A Crisis of Competence
Nearly 31 years ago, on July 15, 1979, President Jimmy Carter told the American people from the Oval Office: "Energy will be the immediate test of our ability to unite this nation, and it can also be the standard around which we rally. On the battlefield of energy we can win for our nation a new confidence, and we can seize control again of our common destiny." Last night the American people heard almost the exact same speech from President Barack Obama: "I've returned from a trip to the Gulf Coast to speak with you about the battle we're waging against an oil spill that is assaulting our shores and our citizens…The tragedy unfolding on our coast is the most painful and powerful reminder yet that the time to embrace a clean energy future is now. Now is the moment for this generation to embark on a national mission to unleash America's innovation and seize control of our own destiny."

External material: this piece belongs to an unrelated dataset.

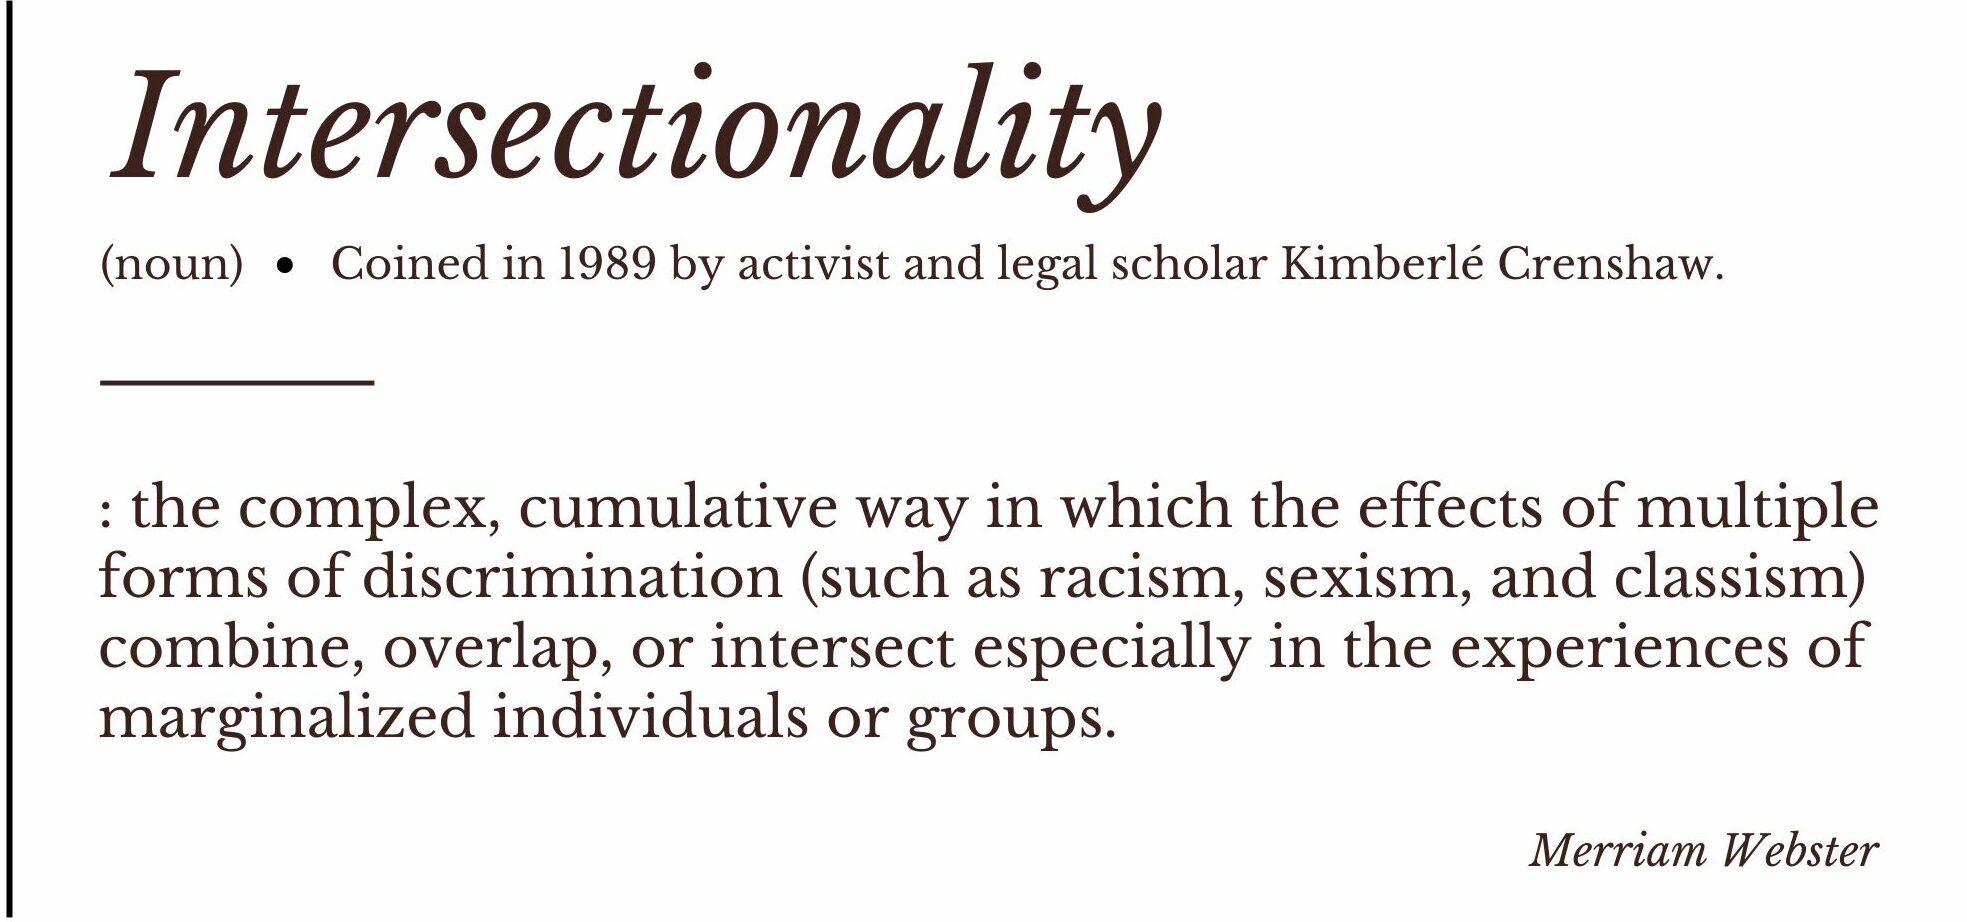 Definition of Intersectionality.

White House spokesman Robert Gibbs billed the speech as an "inflection point," where the President's initial response would be replaced by more decisive action. But this is now day 57. Where has the decisive action been up to this point? The Obama administration has not been working in a coordinated fashion. The Environmental Protection Agency (EPA), the Department of the Interior, the Department of Homeland Security, and the White House, as well as the Coast Guard, have been putting out confusing and contradictory statements since the disaster began.
Federal regulatory red tape has gotten in the way of the cleanup, including: 1) missed opportunities to burn off more of the oil because of overblown air pollution concerns; 2) holdups in the use of dispersants; 3) permit delays in allowing the state of Louisiana to create artificial barriers against the encroaching oil slick; 4) failure to waive regulatory prohibitions against foreign assistance; and 5) failure to approve barges and booms in time to block oil from reaching Alabama's Magnolia River.
Instead of providing leadership and properly coordinating the response, the Obama administration has chosen to shift blame and politicize the disaster, including: 1) "not-at-all veiled shot[s] at the Bush Administration" for the state of the Minerals and Management Service; 2) vague threats of criminal prosecution from Attorney General Eric Holder; 3) a moratorium on offshore oil drilling which could kill 120,000 jobs in the Gulf alone; and 4) pushing caps on carbon dioxide emissions which have no hope of cleaning up a single drop of oil spilled.
The President spoke of "political courage and candor" last night, yet both were missing from his speech. The President asserted: "Time and again, the path forward has been blocked…by oil industry lobbyists." But the reality is that BP lobbyists have been pushing for the President's energy agenda from the beginning. The President claimed: "Countries like China are investing in clean energy jobs and industries that should be right here in America." But the reality is that China will account for nearly 45% of oil demand growth in the next five years, receives 70% of its energy from coal already, and is projected to nearly triple coal capacity by 2030.
In his 1979 "malaise" speech, President Carter told the American people: "I want to talk to you right now about a fundamental threat to American democracy…The threat is nearly invisible in ordinary ways. It is a crisis of confidence." Carter was wrong. America was not suffering from a crisis of confidence. As the election of President Ronald Reagan would show the next year, it was the Carter administration that was suffering…from a crisis of leadership. Today, our country is in crisis again. The Obama administration's constant blame shifting, politicization, and lack of organization demonstrate a crisis of competence. To restore America's faith, the White House should drop irrelevant policy priorities, refrain from making the economic damage worse, end unnecessary bureaucratic delays, and restructure the response and recovery efforts. As MSNBC's Keith Olbermann said following the address: "It was a great speech if you've been on another planet for the last 57 days."